I don't have a fully worked out theory of what should be private/protected information and what should not be. I like the idea that people with compromising histories can get a second chance at life. Then again I also think the right kind of data mining can identify those who will benefit most from a second chance. The solution here could be more snooping and more data crunching. We as a society would get more second chances, but at the expense of permanently marking others as irredeemable. I also like the idea that certain kinds of information are below a threshold and get ignored. (Low-level, infrequent swearing and occasional references to alcohol on social media don't register at all, but if they happen above some threshold they start to become relevant.) But, once again, a good enough dataset will allow one to determine this threshold empirically. The learning algorithm will itself tell you that the information isn't relevant...or perhaps that it is.

______________________

I wanted to say something about big, faceless corporations being different from individuals. We might sympathize with the snooping parent who is selecting a safe nanny for their children, but not with the big insurance company with millions of customers, or the mega-bank that holds millions of mortgages. Is it a big deal to tell them "no snooping?" Isn't there a different standard here because they are so big and faceless? I say no. As bureaucratic and automated and mathematical as the risk-pricing is for banks and insurers, these institutions are on the hook for you.
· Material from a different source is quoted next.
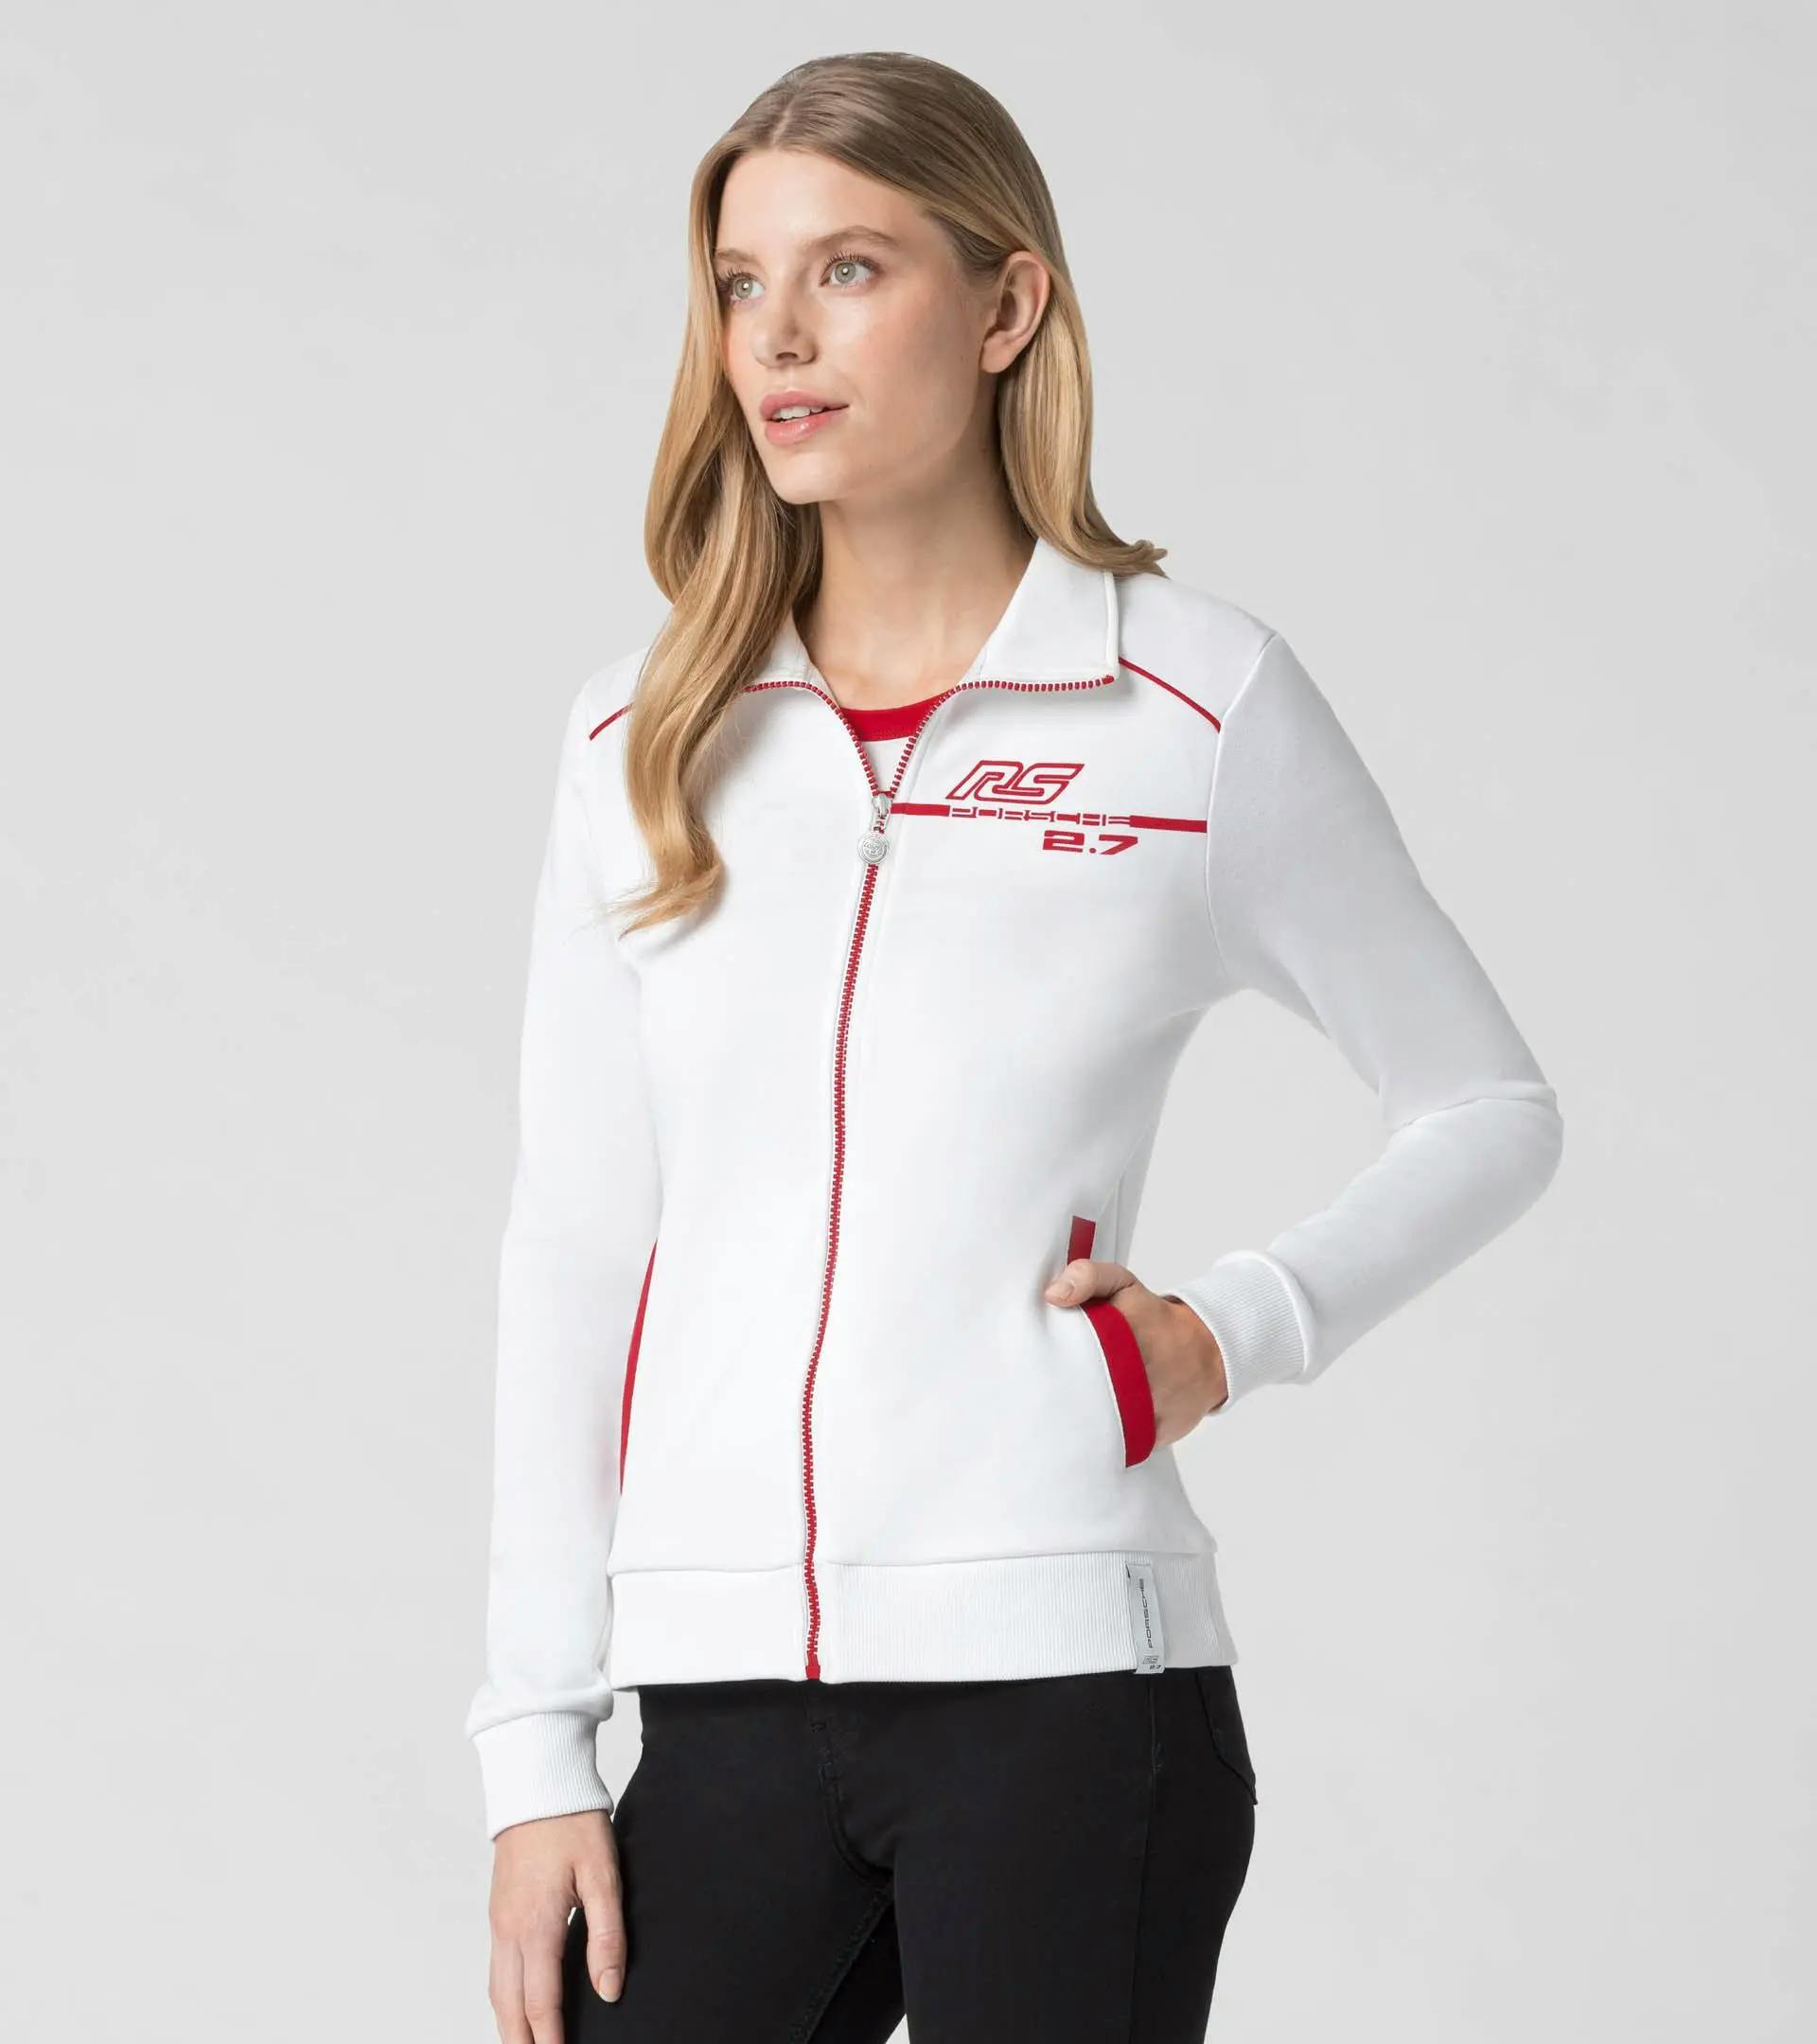 Women's training jacket – RS 2.7 5

Buying an insurance policy is saying, "Will you be on the hook for hundreds of thousands of dollars if I screw up and mangle someone with my car?" Buying a house is a similar deal. Imagine pleading with an individual to write you such a contract. They'd say something like, "Sure maybe, but I'm going to ask around about you so's I can vet you first." They'll ask former creditors if you'd repaid your loans, or ask former insurers if you'd made a ton of claims (or perhaps never made one). I think most people would think this kind of "snooping" is basically fair, and I don't really think changing the intermediary from an individual to a big company changes the example in any relevant way. If anything, the big company will make more accurate judgments based on a much larger data set; the individual will make bad choices based on a small sample of former dealings with customers/borrowers.